Screens at CIFF: 10/12 & 10/21 & 10/19
World premiere: 18 May, 2012, Cannes Film Festival

After much consideration, and carefully reviewing the exact circumstances of its making, I still have no idea what Mekong Hotel, the sixth, and at 61 minutes, the shortest, feature film made by Thai director Apichatpong Weerasethakul's, is "about". Which is a little vexing, but also not terribly shocking in the context of a director whose work to date has been enthusiastically resistant to cinematic norms, and is much easier to interpret, intuitively, as a whole long block of emotional states ebbing and flowing around one another, than as a collection of moments whose aesthetic function - to say absolutely of their narrative function - is next to impossible to parse out, after one or (in my case, at least) multiple viewings. The low-falutin' way of putting it is, "I like Weerasethakul movies because they make me feel things, and fucked if I can explain why", which is an unhelpful position for a movie reviewer to adopt.

In a career built almost entirely out of dyads (Blissfully Yours and Tropical Malady are both two-part narratives; Syndromes and a Century, for me his reigning masterpiece by a long distance, tells a single story twice) it seems fitting that Mekong Hotel is a movie that can be watched in two ways, depending on how much one wants to study up on the project's backstory: on one level, it's a story about man-eating female ghosts, called pob, so abstract and minimalist that it hardly seems to happening - and this is also not terribly shocking for an Apichatpong film - in which a man named Tong (Sakda Kaewbuadee) finds a young woman, Phon (Maiyatan Techaparn) and her mother (Jenjira Pongpas) wandering around, literally haunting the place. But's also about how these three actors are performing what amounts to an unstaged reading of key sequences from a script Apichatpong was unable to finance, Ecstasy Garden, which was a more ambitious, science fiction-tinged version of the same scenario, and Mekong Hotel, which has been claimed as a documentary of sorts, is thus something halfway between rehearsal video and home movie.

In fact, the film is, just like the director's earlier work, divided into two sections, though they do not follow each other linearly: there is the movie depicting the content of the screenplay, and the movie which watches the actors out of character, talking about the project or their lives, or taking notes from the director. The film does not see fit to distinguish between these two modes, which makes an already-difficult movie even harder, although there are a few obvious moments, such as Apichatpoing, off-screen, helping Kaewbuadee pick out a shirt to wear (both creepy and funny, and even self-mocking in the moment that the actor sarcastically notes that all of his choices have the name "Joe" on them - that being the director's familiar name for Westerners who can't work our way around "Apichatpong").

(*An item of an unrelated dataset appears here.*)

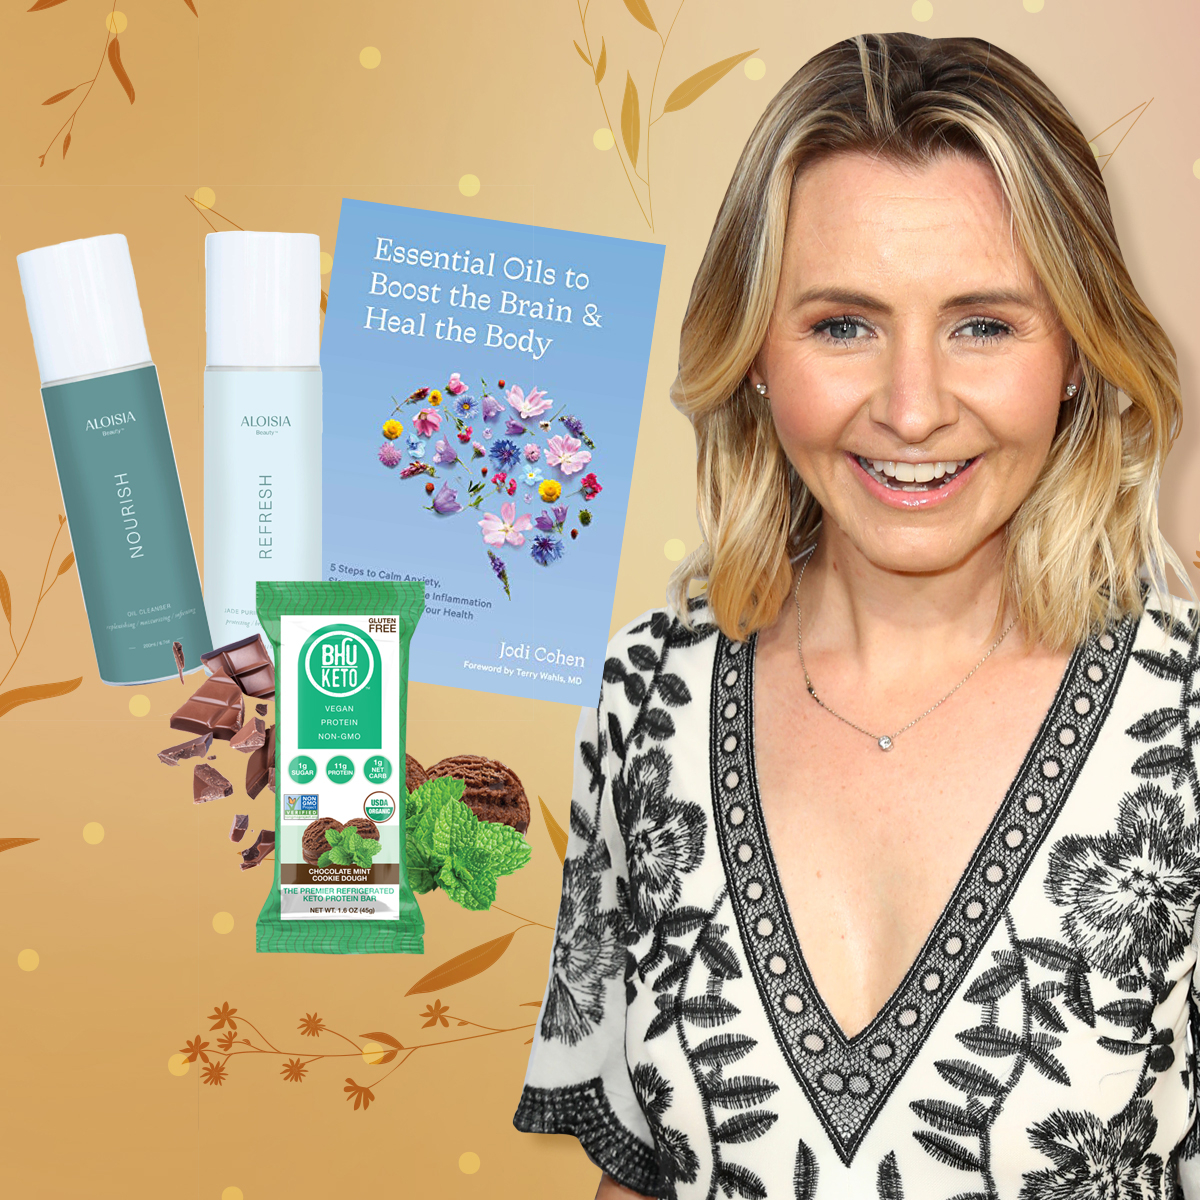 Beverley Mitchell - It's new year and time for a little pampering

And then, secondly, there is the split between the movie we see and the movie we hear: for throughout very nearly all of the film's running time, there is an improvised guitar score by Chai Bhatana playing, a short, tuneless piece that repeats itself to the point of madness, interrupted only by audio of Bhatana chatting briefly at the end or beginning of recording. The music is so divorced from the movie it accompanies as to feel like a separate project altogether, though it too works on a more intuitive than descriptive level: one can only hear the same cycle of chords so many times before they start to become unabashedly hypnotic, though that might be the polite way of putting it: wears the viewer down into something resembling a trance would be perhaps more accurate.

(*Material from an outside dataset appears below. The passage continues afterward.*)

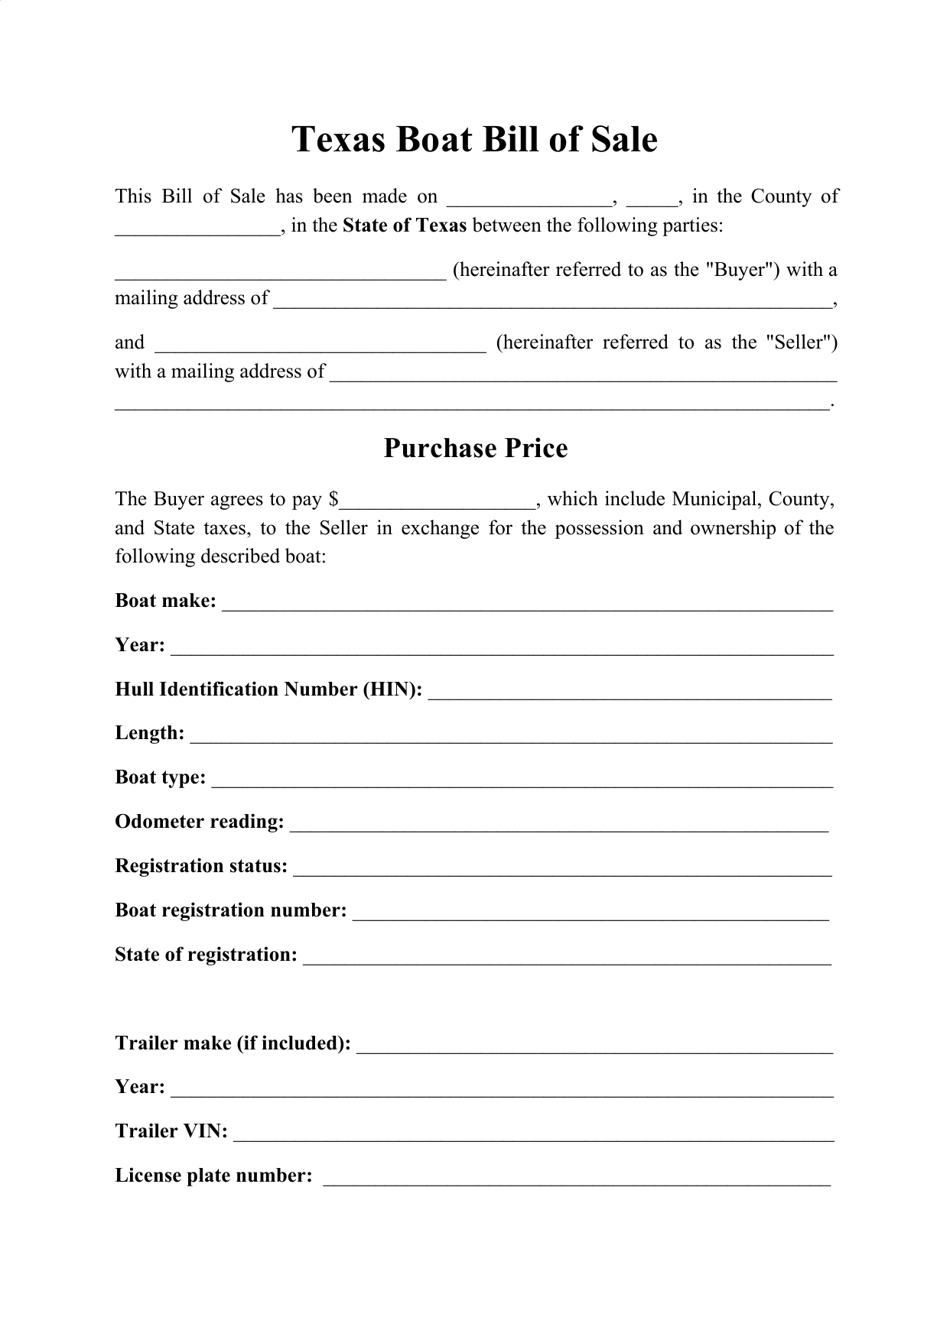 texas-boat-bill-of-sale-form-fill-out-sign-online-and-download-pdf-templateroller

As apparently the only person in America was vaguely disappointed in Weerasethakul's Palme-winning Uncle Boonmee Who Can Recall His Past Lives, which felt a little normal for the director (for a given sense of "normal"), I'm delighted to find him returning to something so abstruse as to seem like little more than a tone poem on the theme of "acting out dialogue" - the way I look at it, is we have all the filmmakers in the world making films that are meant to be concrete and comprehensible, and we have just the one making movies that are so inscrutable, driven more by emotional, experiential logic than anything that can be articulated in even the most halting ways. Mekong Hotel might not make any particular "sense" and its collision of conversations, scripted or not, about the inheritance of parental sin, of clothing styles, of the violence perpetrated in Laos over the last few decades, none of which tie in together, with its twilit footage of the old hotel on the grand river, and with its folksy music, might not add up to anything that feels like an intellectually sound argument. But it feels right, somehow; the laid-back pace, the bland mixture of supernatural violence with workaday body language, the I-dare-you-to-look-away final shot of people playing on the river in the distance as nothing happens over the course of five minutes, except for a single boat moving in and back out of the frame, all of it gives the movie an extremely specific mood of elegy and nostalgia, though what the movie thinks about that mood, I cannot say, nor do I feel like I want to.